Кое— кто жил здесь давным-давно, еще с тех времен, когда и ордеров не было, а только классовое право, классовое чутье. Уже и не было того, кто вошел сюда по закону реквизиции и уплотнению, а жили и расплодились его потомки, выписали родственников из деревни и маленьких местечек. Но были и такие, которые не имели никакого отношения к тому, кто некогда вошел сюда по классовому закону и занял подобающую жилплощадь господствующего класса, а такие, что фальшиво женились и прописались, а потом даже не разводились, а просто спровадили милую невесту или дождались смерти старух, изо всех сил помогая этой смерти. Но были и такие, которым и фиктивный брак не понадобился. Они прописались неизвестно как и почему и на каком основании, но в домовой книге появились их фамилии и были поставлены все печати, наклеены все нужные гербовые марки. Все у них было в порядке, в ажуре. Но были и такие, которые и прописаны не были, просто жили, просто втерлись и жили годами.
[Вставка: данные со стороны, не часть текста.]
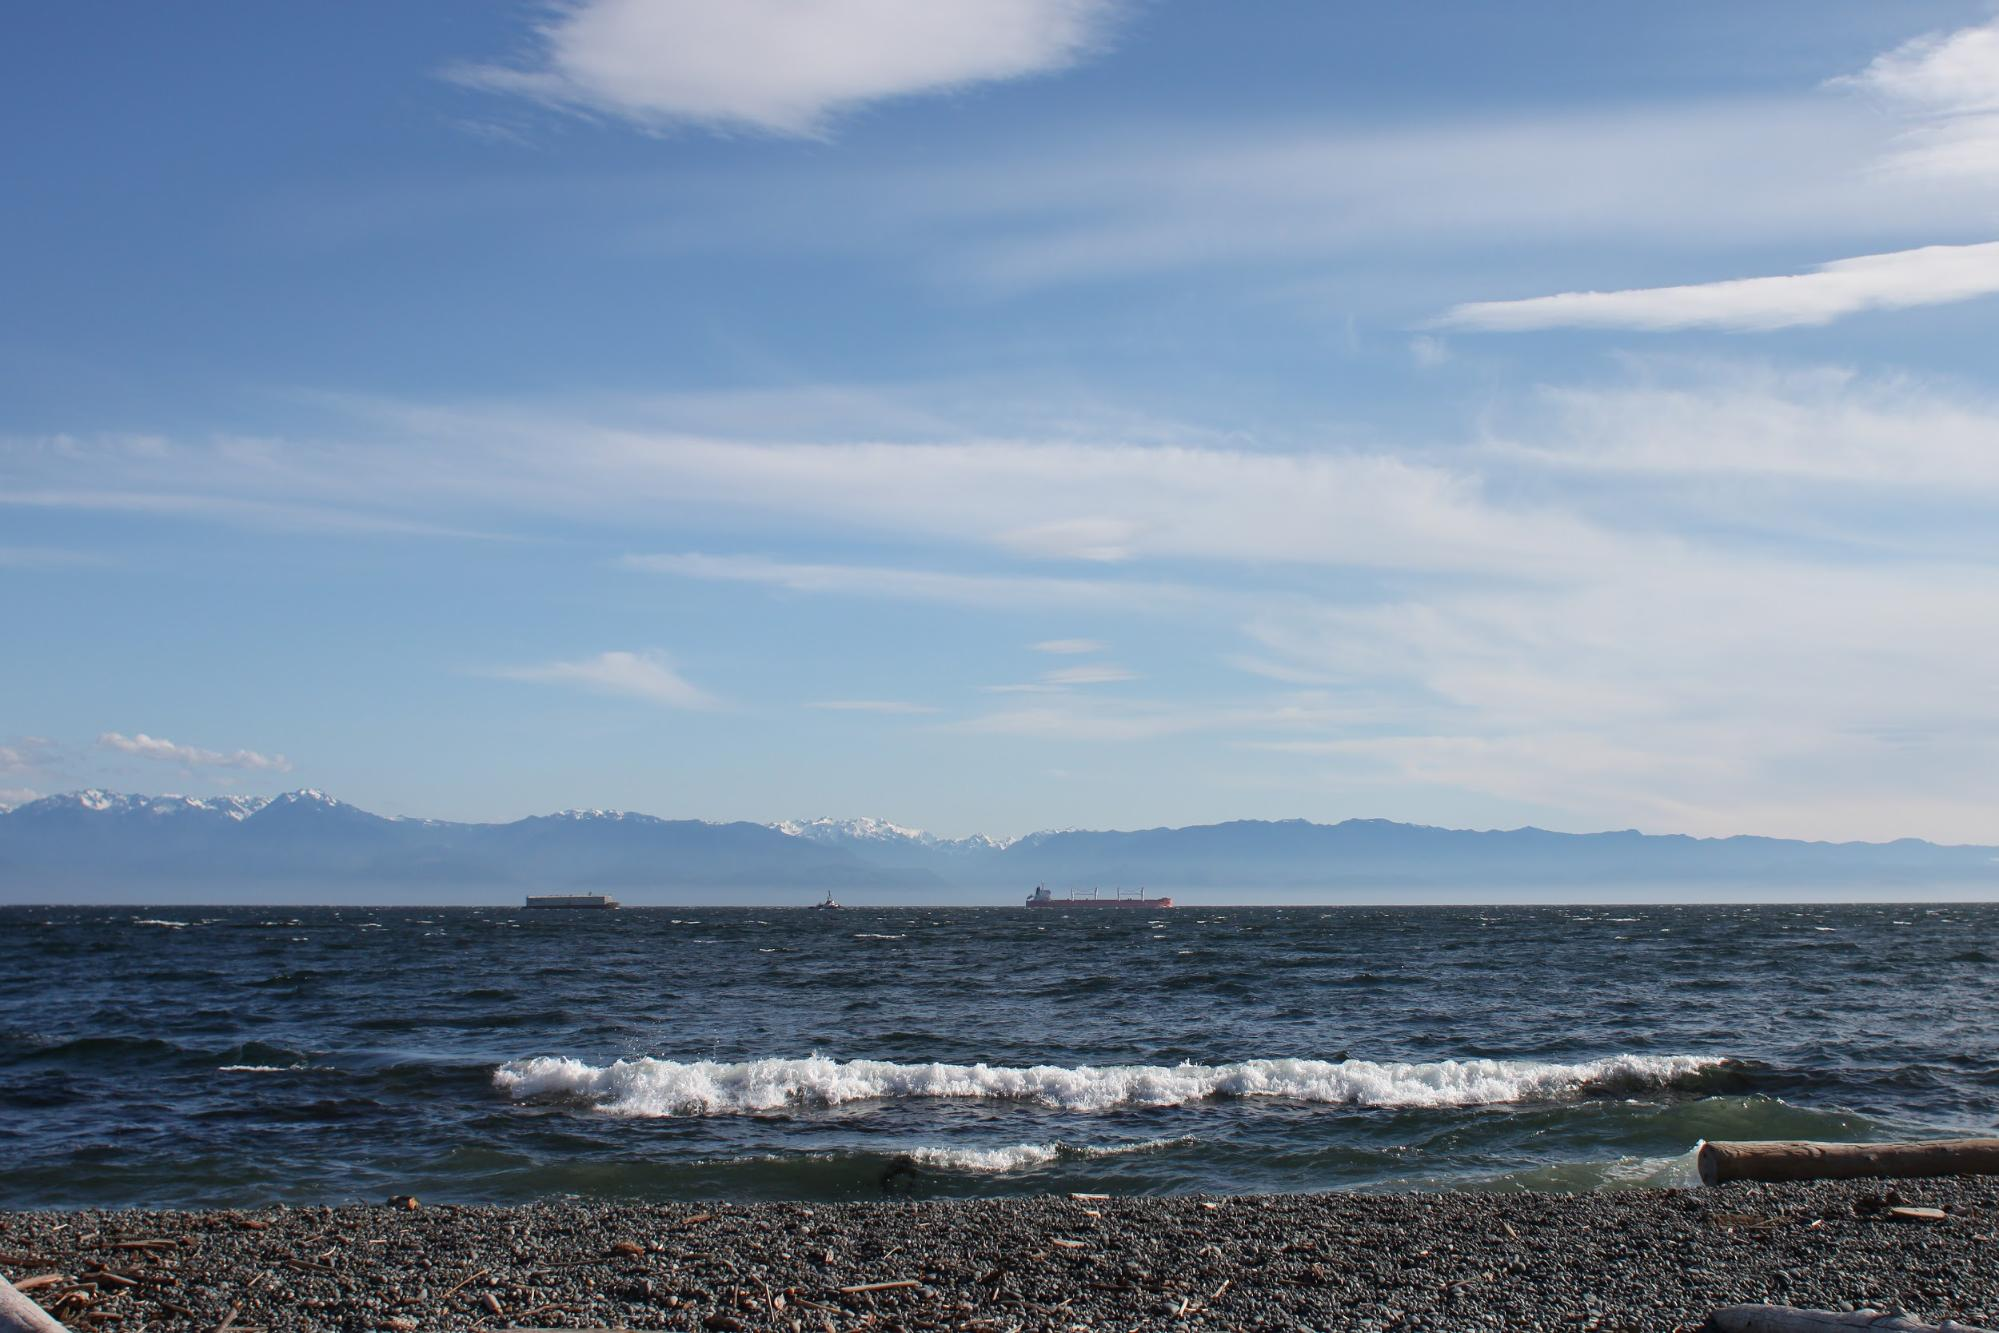 Waves lap a rocky beach under a blue sky.

Нет, не играли они никогда теплой компанией в лото или в трик-трак, не составляли совместной пульки, не собирались на посиделки полузгать семечки и никогда, никогда не ходили друг к другу в гости на варенье, соленье, на маринованные грибы или семейную наливку. Если даже была свадьба, или именины, или просто вечеринка, приходили с другого конца города, но из соседней комнаты, из-за фанерной перегородки не заглядывали, а если слишком шумели, то из-за этой перегородки стучали щеткой в стенку, так что сыпалась штукатурка и отклеивались обои, а бывало, и выходили в коридор и делали последнее предупреждение или просто без предупреждения приводили участкового.
Да, жили тут разные люди и разно они стоили. И как во всяком сообществе людей, были и свои сумасшедшие, и свои верховоды.
Вот роль верховода играл тут Свизляк, тучный, зубастый мужчина, с кирпичным лицом, сивым жестким ежиком Керенского и развязными ногами кавалериста, хотя он ни разу не сидел в седле на лошади, а всю жизнь провел, обнимая мощными мускулистыми ляжками канцелярский стул в министерстве.
Свизляк
Создатель не поскупился на него. Судя по величине и количеству костей, по этим мослам, по огромному черепу, природа, видимо, задумала сначала что-то более громоздкое, носорога или верблюда, но в последний момент что-то случилось или, может, обнаружилась нехватка лимитированных хрящей, и вот она слепила и выпустила на свет Свизляка, оставив только носорожий заряд амбиции, зависти, коварства в его животной неистощимости, и пошел он гулять со своим дыханием и запросами, а тут еще попал в клетку коммунальной квартиры, и низки были все притолоки, и когда он входил, то сгибал голову и все вокруг ему казалось крохотным и ничтожным и хотелось разнести в щепы.
В каком он служил министерстве и что он там делал, чем занимался те десять часов, которые отсутствовал дома, никто не знал, а он почему-то тщательно скрывал и ни разу не проговорился, считая это государственной тайной, и когда его об этом спросят, он только скосит глаз и взглянет подозрительно, словно ему задали вопрос о дислокации, в лучшем случае усмехнется и скажет:
— Где партия и правительство поставили, там и работаю.
Хотя точно было известно, что в партии он не состоит и никогда не состоял, однако заявления писал чаще, чем кто-либо из членов партии, и сослуживцам его, очевидно, жилось несладко, судя по тому, что он рассказывал жене за ужином, как „поставил на место товарища Каплана", и что он еще „доберется до товарища Щепкина" и „проверит классовое происхождение Брокгауза"; а не родственник ли он Брокгаузу и Ефрону, которые выпускали небезызвестную энциклопедию?